The indicator function of the following 96-element set is a counter-example:

$$ \{ 0, 1, 02, 12, 03, 13, 023, 123, 04, 14, 024, 124, 034, 134, 0234, 1234, 05, 15, 025, 125, 035, 135, 0235, 1235, 045, 145, 0245, 1245, 0345, 1345, 02345, 12345, 06, 16, 026, 126, 036, 136, 0236, 1236, 046, 146, 0246, 1246, 0346, 1346, 02346, 12346, 056, 156, 0256, 1256, 0356, 1356, 02356, 12356, 0456, 1456, 02456, 12456, 03456, 13456, 023456, 123456, 7, 27, 37, 237, 47, 247, 347, 2347, 57, 257, 357, 2357, 457, 2457, 3457, 23457, 67, 267, 367, 2367, 467, 2467, 3467, 23467, 567, 2567, 3567, 23567, 4567, 24567, 34567, 234567 \} $$

where (for instance) $2467$ is shorthand for the set $\{2, 4, 6, 7\}$.

Yes, your conjecture is true.

Suppose otherwise.
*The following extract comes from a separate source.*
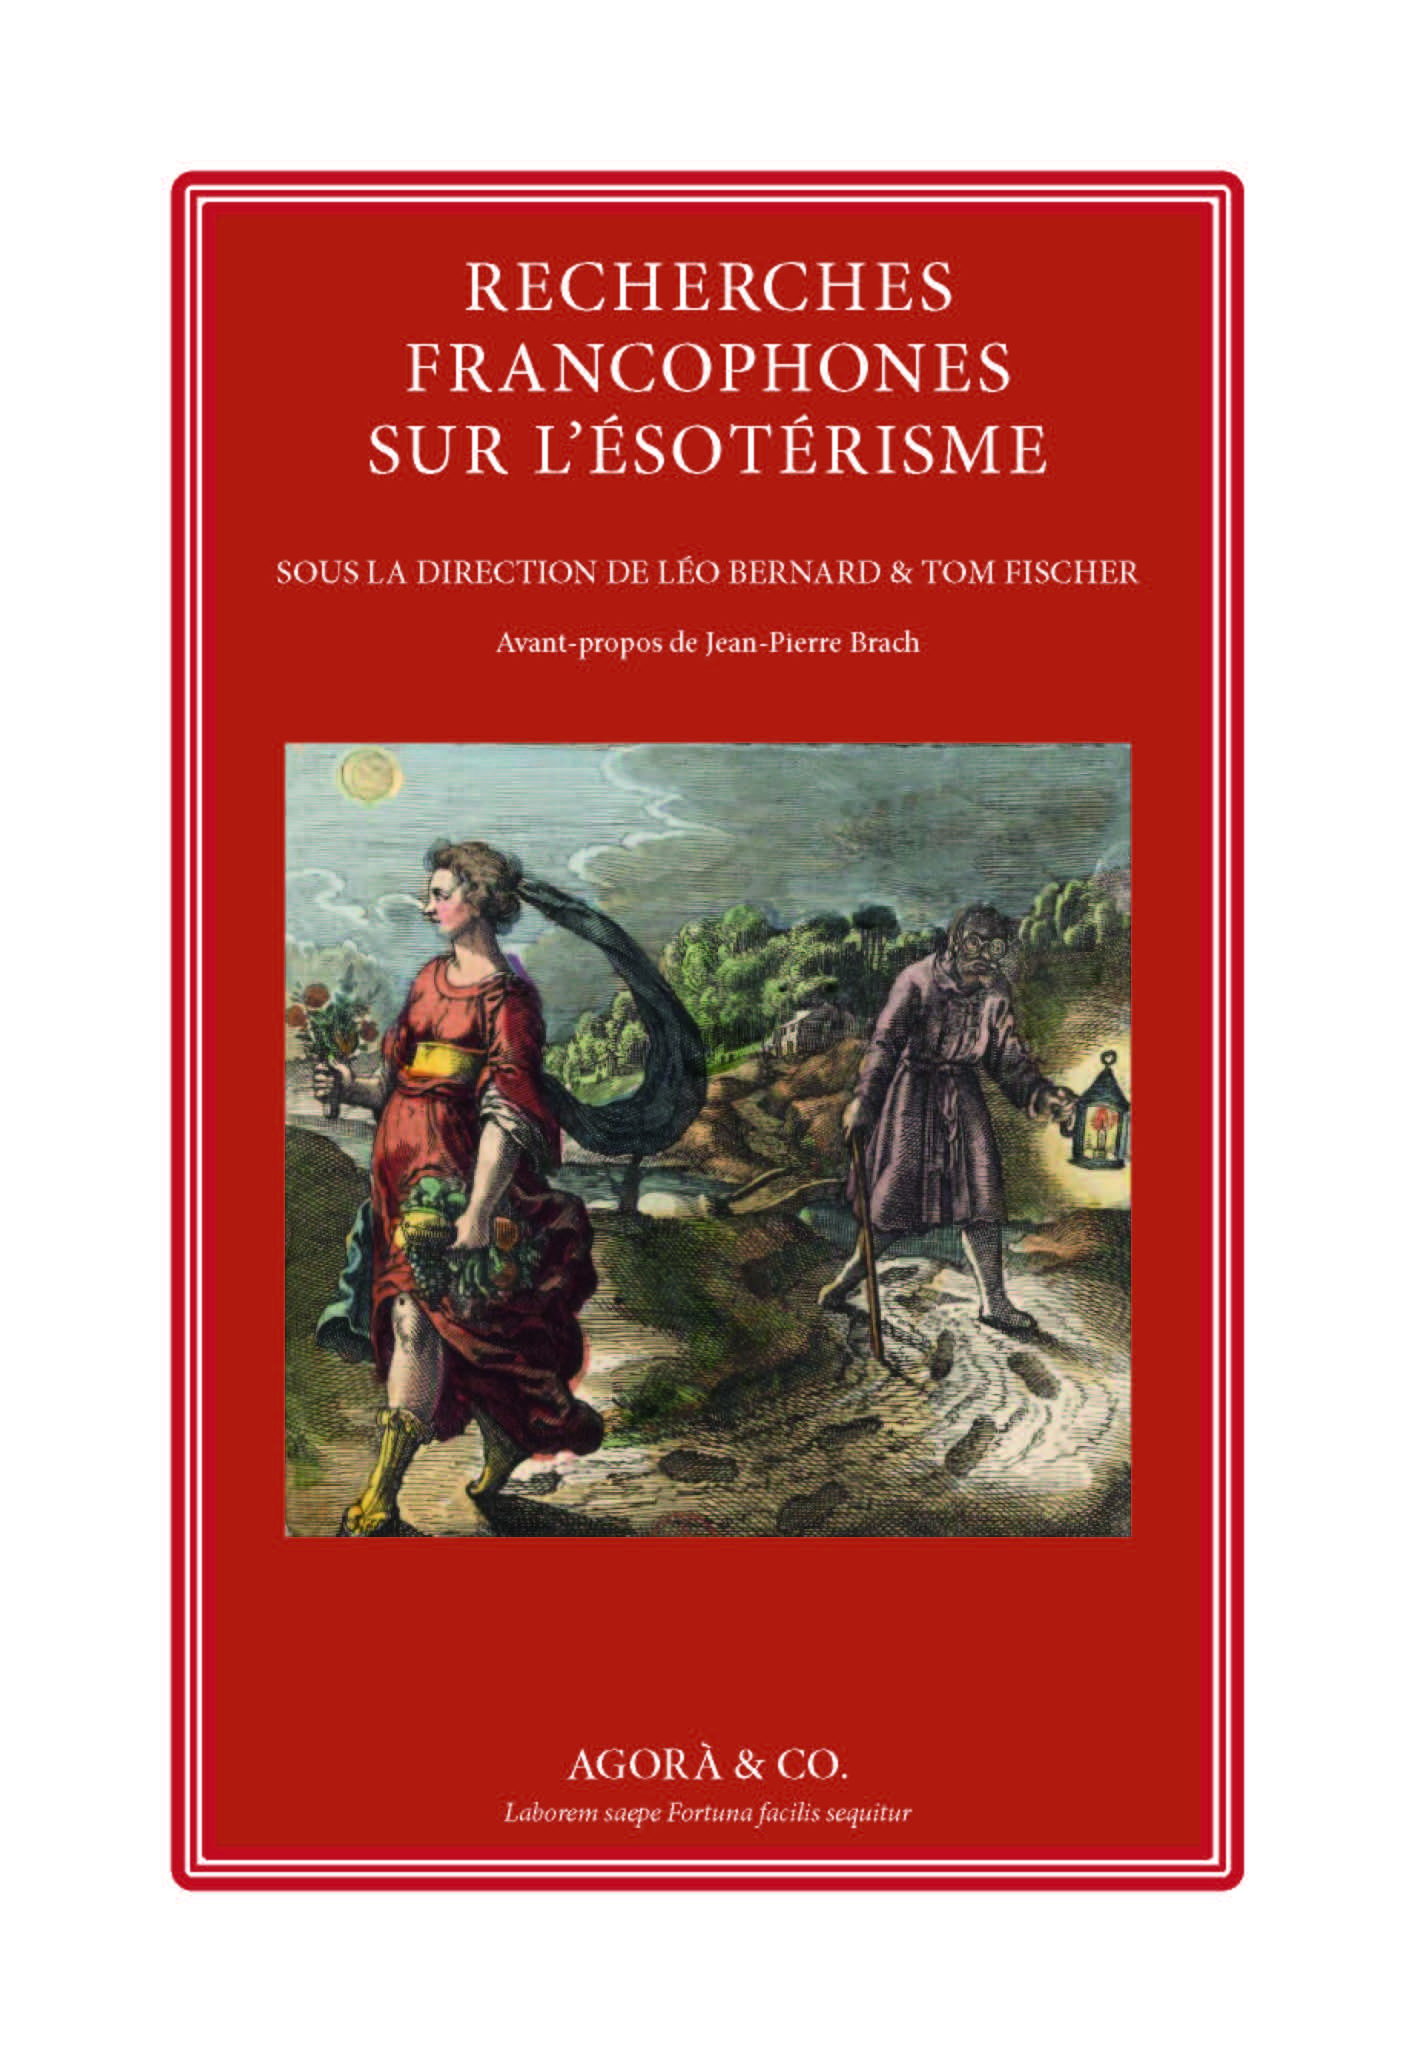 agora-edizioni-recherches-francophones-sur-l'-esoterisme-léo-bernard- tom-fischer

Then there exists a counterexample $f : \mathcal{P}(8) \rightarrow \{0, 1\}$. For each set $X \in \mathcal{P}(8)$, let the proposition $P_X$ denote $f(X) = 1$.

There are $5440$ different choices of the tuple $(A, B, C) \in \mathcal{P}(8)^3$ satisfying your constraints. For each such tuple, we obtain two clauses which must be true of the counterexample $f$:

$$ (\neg P_C \lor \neg P_{A \cup C} \lor \neg P_{B \cup C} \lor \neg P_{A \cup B \cup C}) $$

$$ (P_C \lor P_{A \cup C} \lor P_{B \cup C} \lor P_{A \cup B \cup C}) $$

This gives a succinct list of $10880$ clauses which must be true of the $256$ primitive propositions $\{ P_X : X \in \mathcal{P}(8) \}$.

Inputting this list of clauses into the SAT solver Glucose gives the response 'UNSAT' (meaning 'unsatisfiable'), so no such counterexample exists. It also exports a verifiable certificate of unsatisfiability which can be checked in polynomial time.

The proof is somewhat unilluminating, because it doesn't give any indication as to why your conjecture is true, just that it is.